Does Heaven Erase the Pain?

Some theists reach for a bigger picture. What if our earthly suffering is just a blink compared to an eternal afterlife of bliss? On an afterlife theodicy, God allows finite pain now but compensates it with infinite joy later. The experience of heaven is so overwhelming that, from that perspective, earthly horrors will seem tiny or even forgotten.
This idea raises immediate concerns. Compensation is not justification. If a parent abuses a child and then buys them a toy, the gift doesn’t make the abuse okay. An eternity of happiness might be a wonderful gift, but it doesn’t explain why a perfect God didn’t create a world where the abuse never happens. Also, if two people end up in the same heaven but one suffered unspeakable abuse on earth while the other lived in comfort, why did God allow that difference?
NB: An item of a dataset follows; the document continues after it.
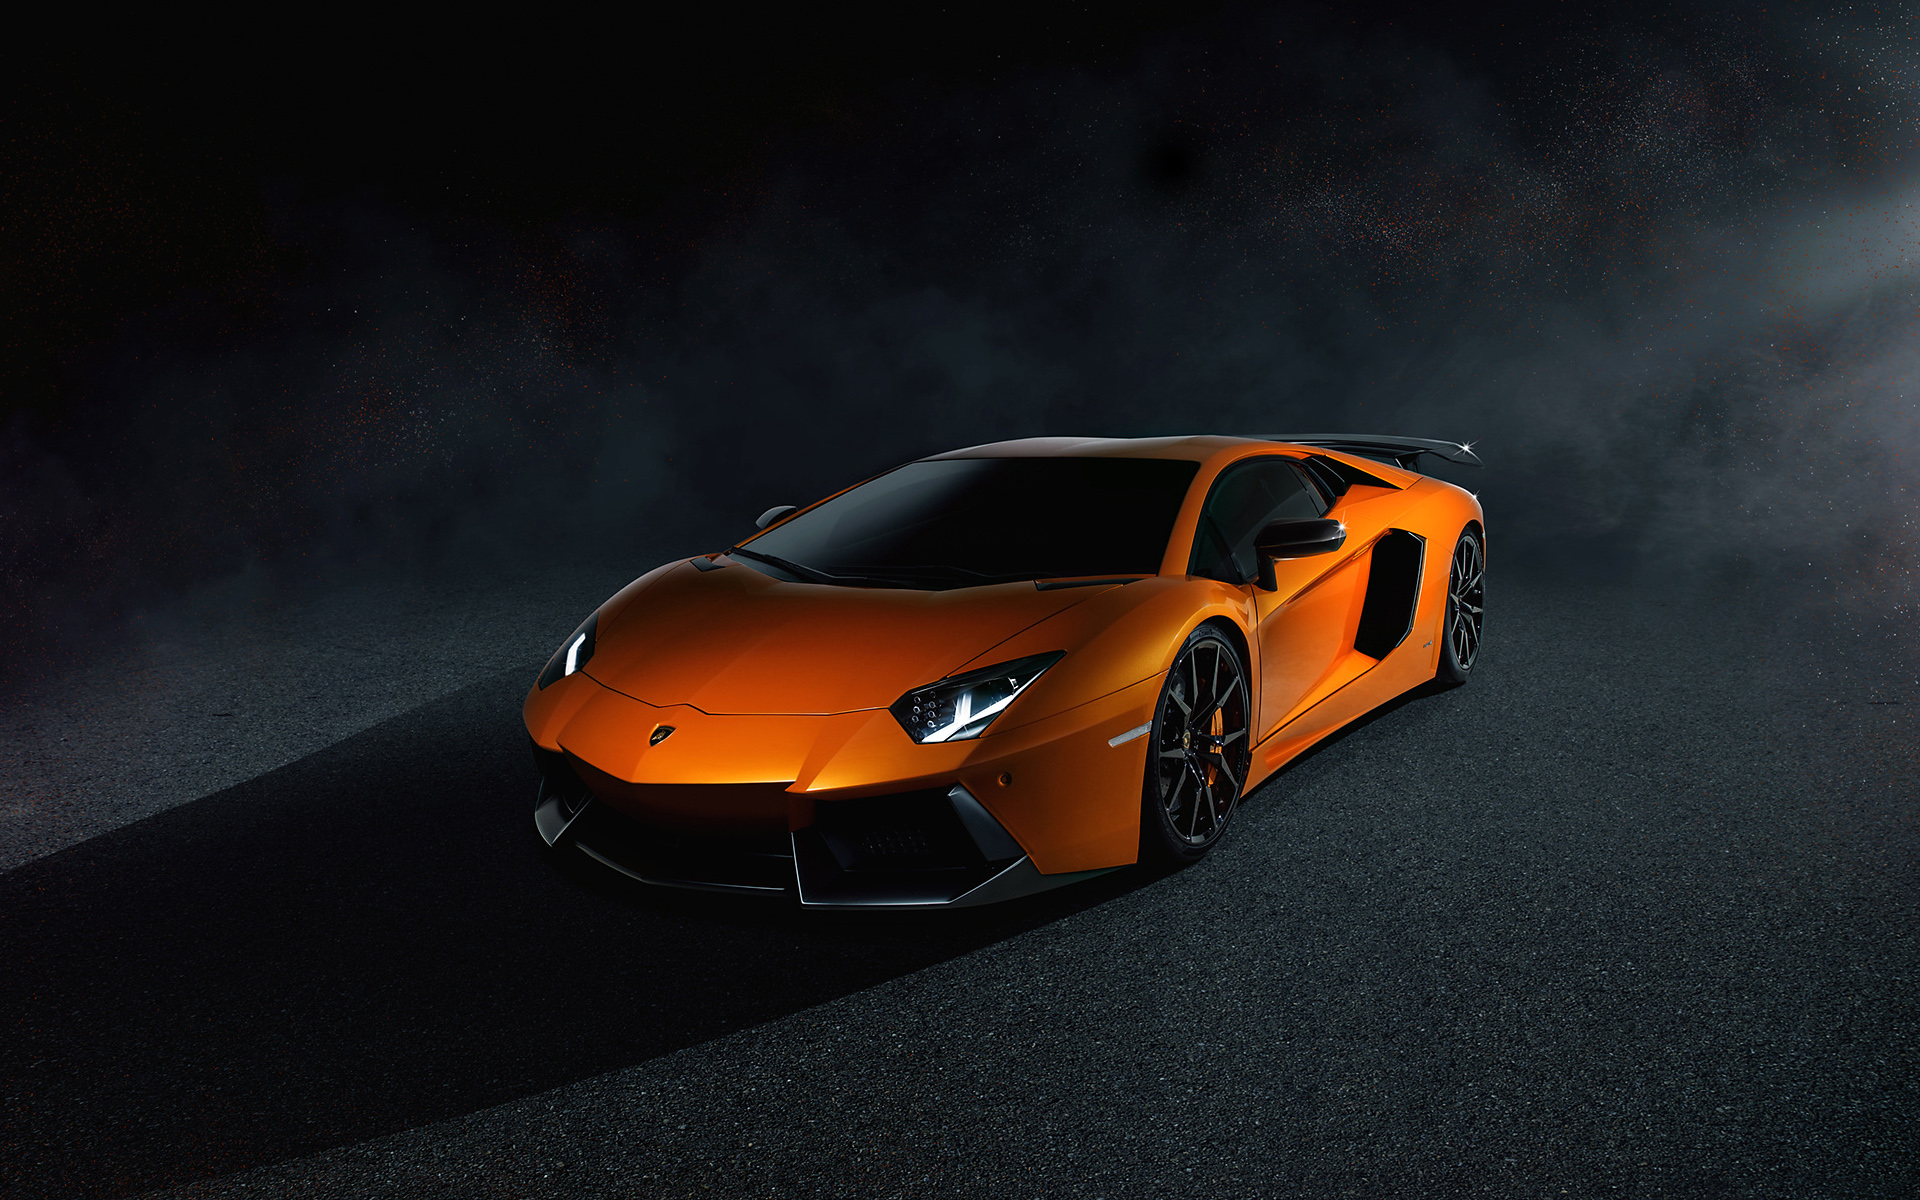 Download mobile wallpaper Lamborghini, Car, Lamborghini Aventador, Vehicles, Lamborghini Aventador Lp 700 4, Orange Car for free.

The afterlife theodicy says the pain will be swallowed up, but critics insist that pain was still real, and a good God would need a reason to permit it in the first place—not just a way to patch it over afterward.
Why How We Explain Suffering Matters

Some philosophers argue that the whole project of theodicy can be harmful. This view is called anti-theodicy. It doesn’t say theodicies are logically wrong; it says that offering them in the face of real suffering can add to the pain. Telling a grieving person that everything happens for a reason or that God is building their character can feel like blame disguised as comfort. Certain theodicies suggest the sufferer deserved it (punishment) or needs moral improvement (character-building)—messages that can wound deeply when someone is already down.
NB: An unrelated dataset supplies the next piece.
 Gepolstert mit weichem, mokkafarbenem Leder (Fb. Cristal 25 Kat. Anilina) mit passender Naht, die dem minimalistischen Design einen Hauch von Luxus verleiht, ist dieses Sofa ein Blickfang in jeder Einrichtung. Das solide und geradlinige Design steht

Anti-theodicists urge us to notice that when we rush to justify suffering, we risk turning victims into examples in an argument. A loving response might instead be to sit with someone in their pain without an answer. That doesn’t mean the philosophical questions are worthless. It means that how we hold our theories—and when we speak them—matters. The same twelve-year-old lying awake after the storm might need, more than a clever argument, to know they’re not alone. Philosophy can sharpen our thinking, but it shouldn’t blunt our kindness.
Think about it
- If you ran the universe, would you allow some suffering if it led to something truly valuable, like deeper friendships or stronger courage? Where would you draw the line between “worth it” and “too much”?
- Imagine two worlds: one where everyone is born perfectly kind and always happy, and another where people face real challenges and sometimes grow through them. Which world would you rather live in, and why?
- When a friend is hurting, do you think it’s ever helpful to suggest that their pain has a purpose? In what situations might that comfort them, and when might it make things worse?